Supported directions:

L  move left
R  move right
S  stay

Wildcards

* is reserved for wildcard transitions. A read symbol of * is used only when no exact transition exists for the current state and tape symbol. A write symbol of * preserves the symbol that was read instead of writing a literal asterisk.

Example wildcard scan:

scan * -> * R scan

* cannot be used as the blank symbol.

Comments And Tokens

Blank lines are ignored. Lines beginning with # are comments, and inline comments are supported after #. Because # always starts a comment, it cannot be used as a tape symbol or state name.

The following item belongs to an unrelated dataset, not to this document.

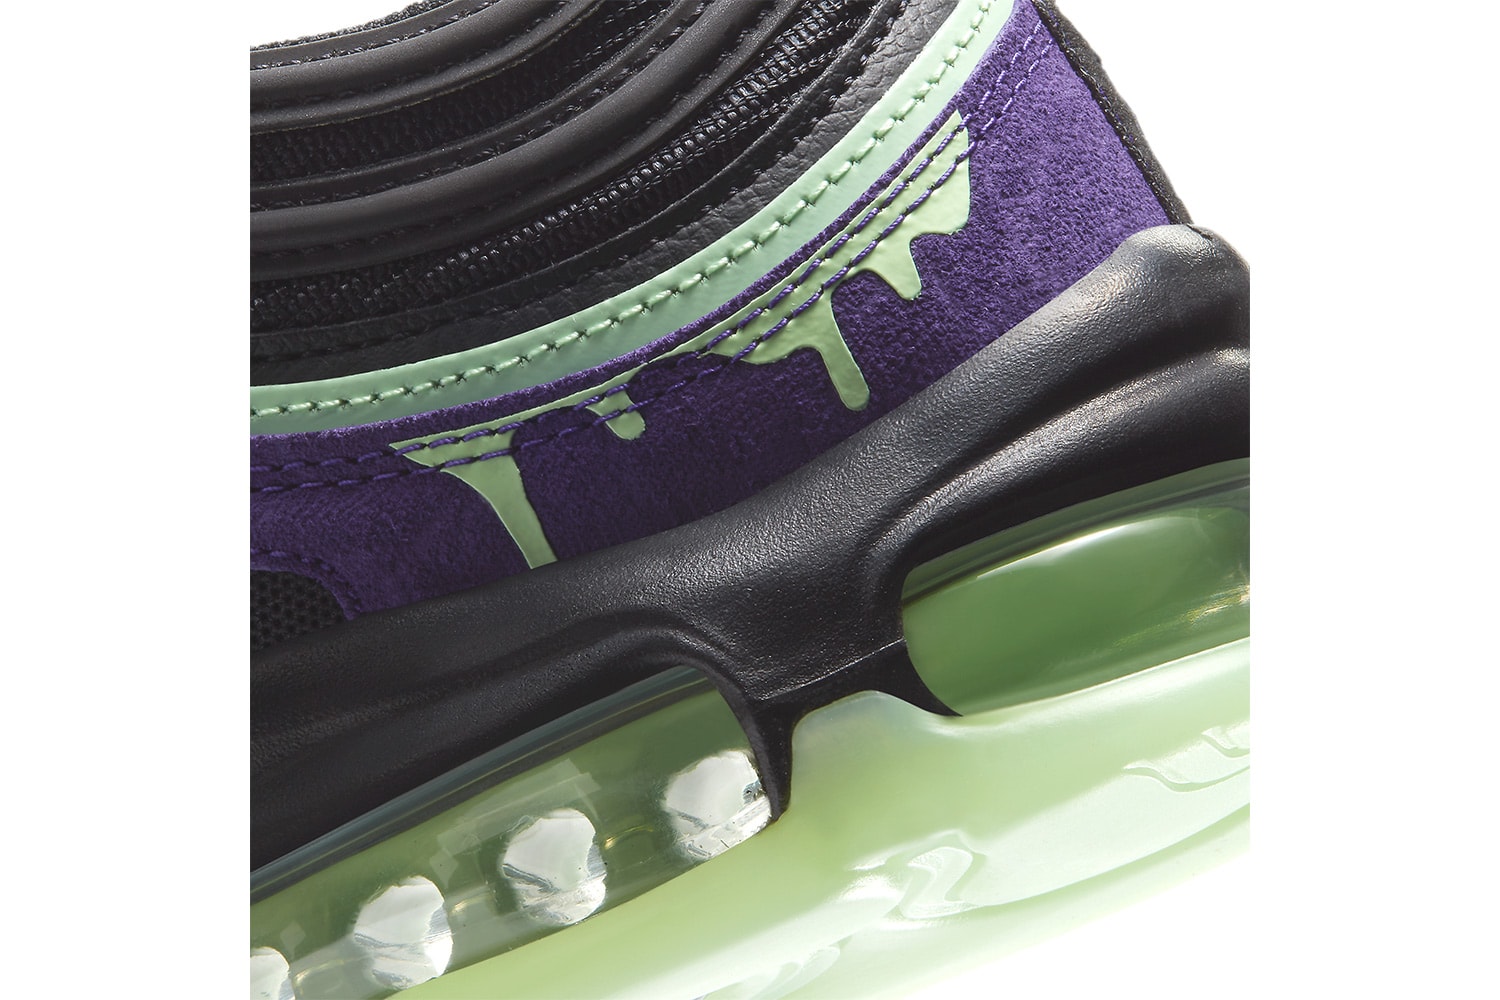 Nike Air Max 97 推出全新萬聖節配色「Oozes Slime」

Transition lines are identified by the standalone -> token, so : may be used as a tape symbol or state name.

Examples

Unary increment:

./tm examples/unary_increment.tm 111

Final tape:

1111

Binary flip:

./tm examples/binary_flip.tm 101001

Final tape:

010110

Erase:

./tm examples/erase.tm 111

Final tape:

_

Binary increment:

./tm examples/binary_increment.tm 1011

Final tape:

1100

Reject on zero:

./tm examples/reject_on_zero.tm 1101

Halt reason:

rejected

Three-cell palindrome check:

./tm examples/three_cell_palindrome.tm 101

Halt reason:

accepted

Halt Behavior

MiniTM reports one of these halt reasons:

accepted
rejected
no transition
step limit reached

accepted and rejected happen when the current state matches the configured accept or reject state. no transition means the machine had no rule for the current state and tape symbol. step limit reached means execution stopped before exceeding --max-steps.

Error Examples

Missing file:

error: could not open file: examples/missing.tm

Invalid CLI argument:

error: invalid --max-steps value 'nope': expected a positive integer

Invalid machine file:

error: line 7: invalid transition direction 'X'
  scan 1 -> 1 X scan
              ^

Duplicate transition:

error: line 8: duplicate transition for state 'scan' and symbol '1'; first defined on line 7
  scan 1 -> 0 S halt_reject
  ^

Limitations

MiniTM currently supports deterministic, single-tape machines with single-character tape symbols. It does not support multi-tape machines, graphical displays, or external machine-definition includes.

About

MiniTM: A compact command-line Turing machine simulator with plaintext machine files, step-by-step tracing, wildcard transitions, and JSON output.